Inextricably Intertwined
Meeting Meghan Walla-Murphy completely changed the way I do my reality: I believe firmly that we are inextricably intertwined, and Meghan has spent her life showing just how true our interconnections are. We connected over the ancient art of tracking, and until I joined her in a group of women, all intent on learning how to track the animals and wildlife around us, I had not really opened my eyes to this phenomenally important and intrinsic skill set.
Now, I cannot go a day, or hardly an hour without witnessing, listening, and paying lots of attention to the play of the wild world all around me. A world that I am part of, that is inextricably interwoven and interconnected to me and my life. For me, tracking has become this elemental dance of all the sights, sounds, sensations, and signs that I seek out and that seek me!

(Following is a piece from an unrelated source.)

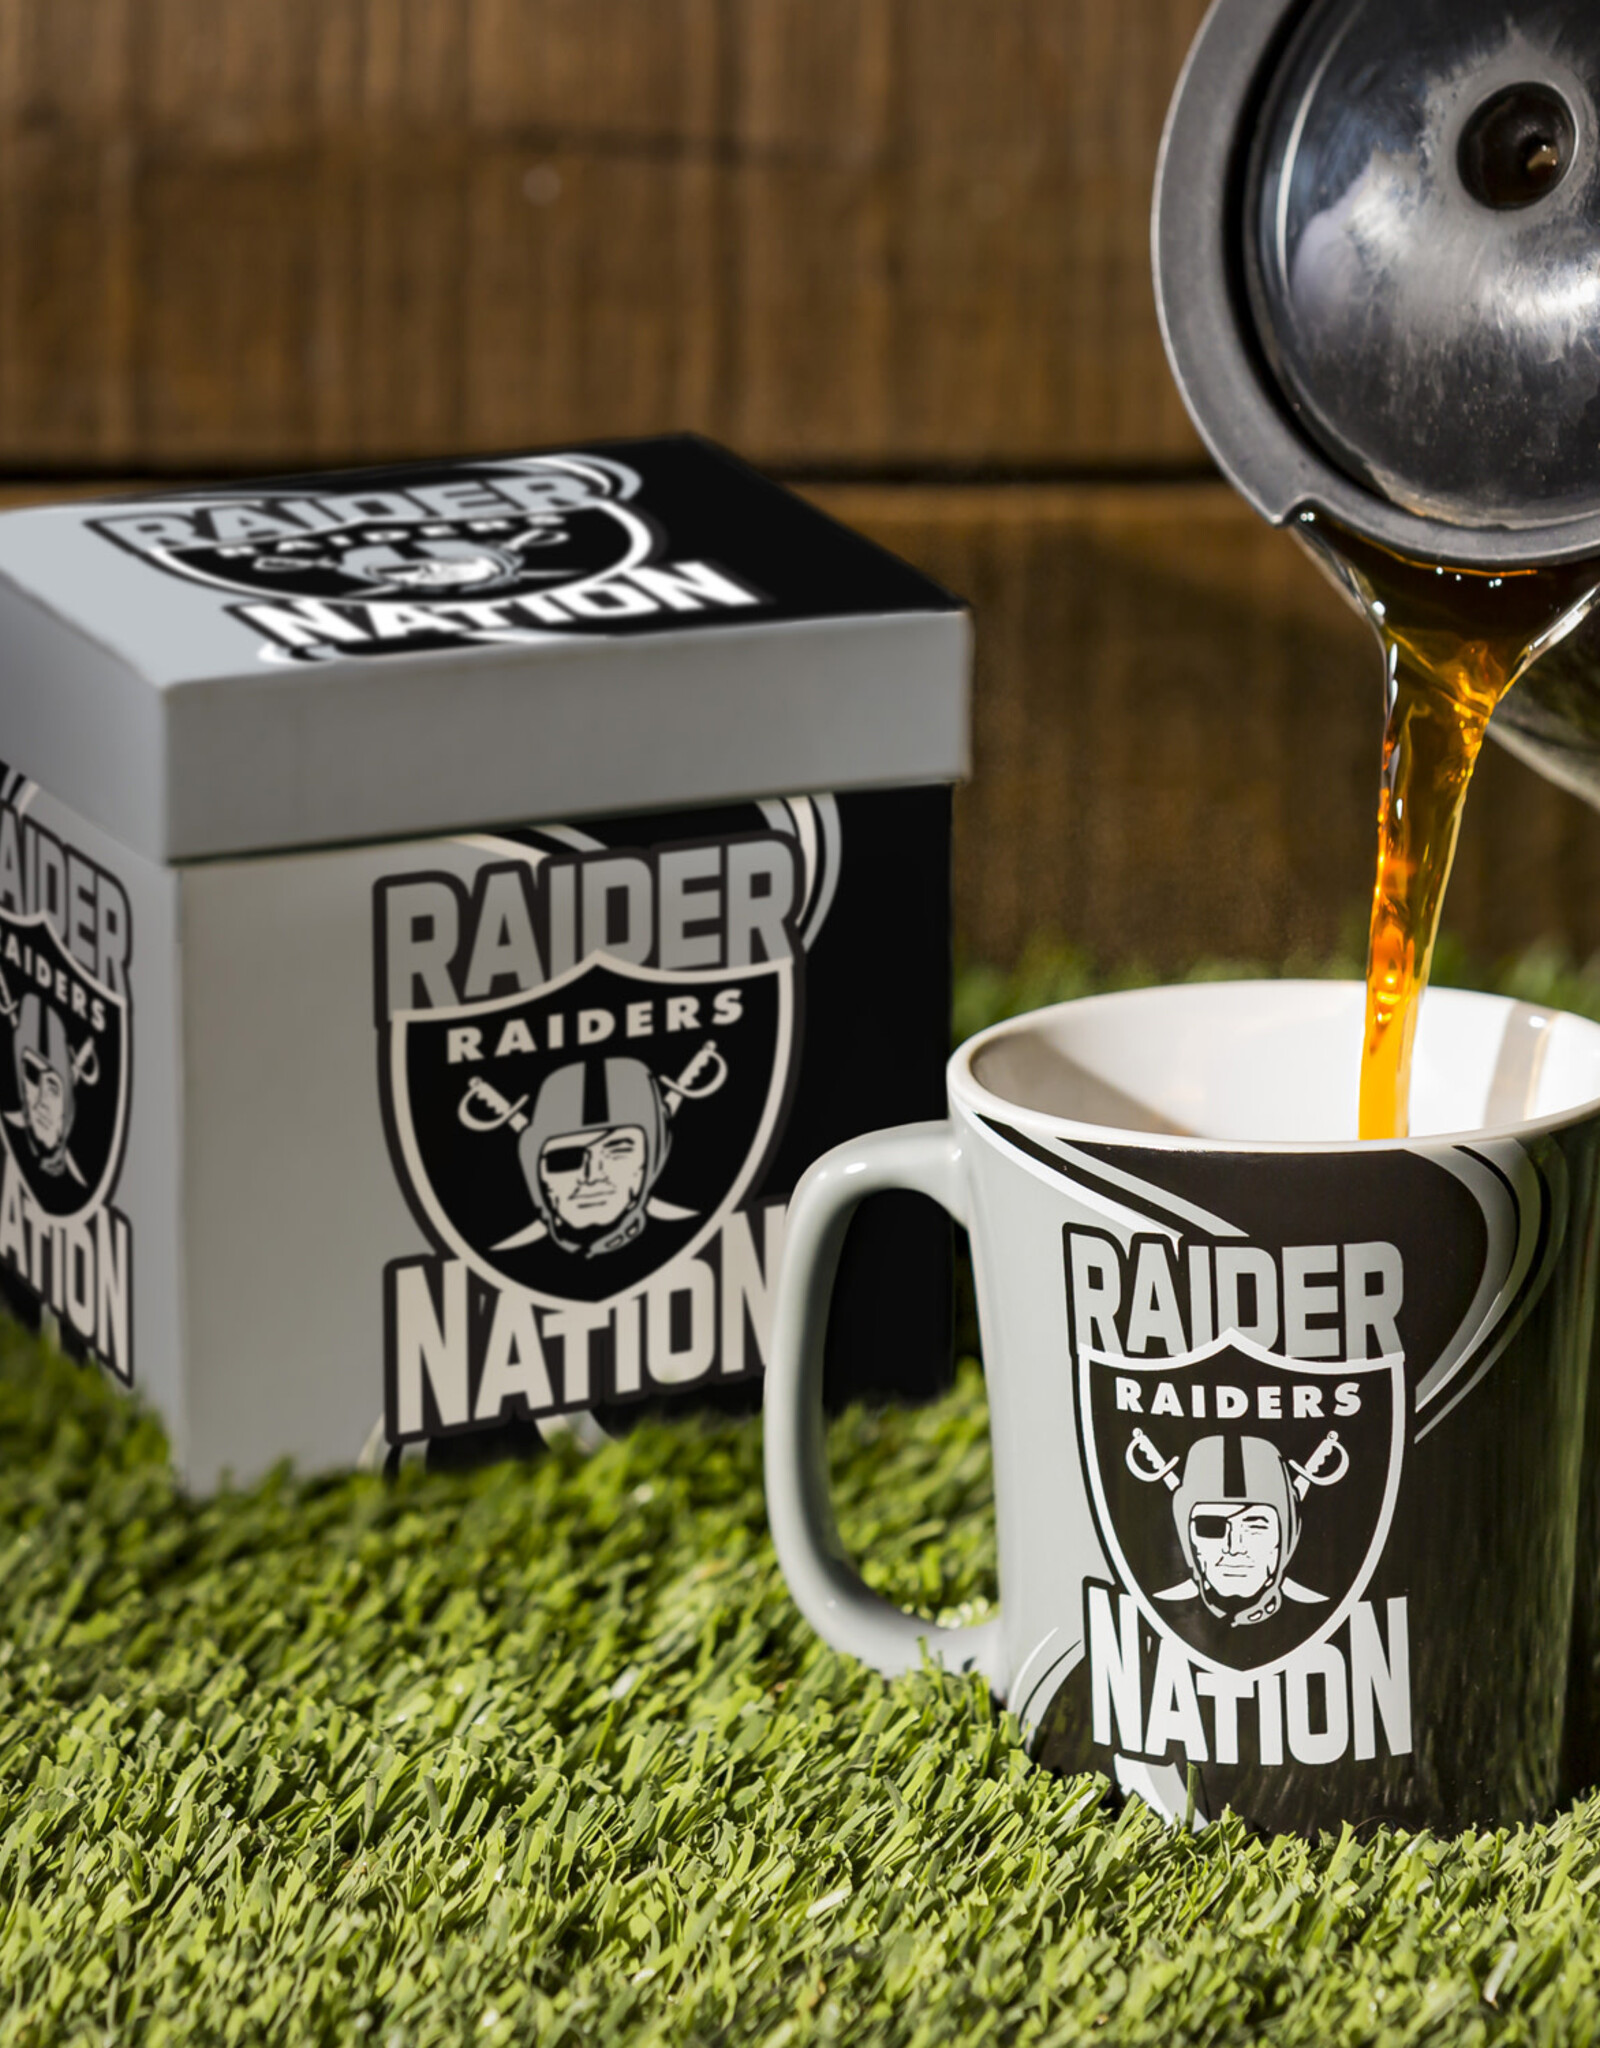 EVERGREEN Las Vegas Raiders 14oz Gift Boxed Mug

Interviewing Meghan, I felt eternally grateful for her efforts to live as a tracker in a modern paradigm that has forgotten how interconnected we all are to everything that is, and also I’m in awe of her commitment to spread the knowledge of this fundamental skill into the world.
Whenever I find myself feeling disconnected and separate from the great play of life, it’s a great time to go outside, get into nature, and shift my focus to the web all around me —one which I am a part of, and which needs me as much as I need it.
I often get into my head and forget to honor the literally everything besides my own mental tangent that feels so alive and real. In those moments I also try to track my emotions —a skill that I learned at Meghan’s Western Women’s Tracking Conference with Michelle Vesser (who I interviewed this season as well and you can hear our podcast episode “Engaging with Life” that came out on the Summer Solstice 2022).
Through tracking my own emotions, I have been able to get back to the core of me, the experience of myself as a whole. And, then situated in my own role in the great play of all that is, I’m able to experience the truth of both my own reality and the vast, infinite ways that I am related to everything else!
In our interview, Meghan shares about her own experiences coming into the tracking ethos, and the ways that it has shaped her path, helped her understand ecological conservation more intimately, and forged a life of service, in support of wildlife, in support of humans situating ourselves in the narrative of tending the wild, and in support of sharing the vast knowledge that she has at the intersection of tracking and biology.
May your journeys to track yourself and the world be fantastic adventures, showing you how inextricably intertwined you truly are!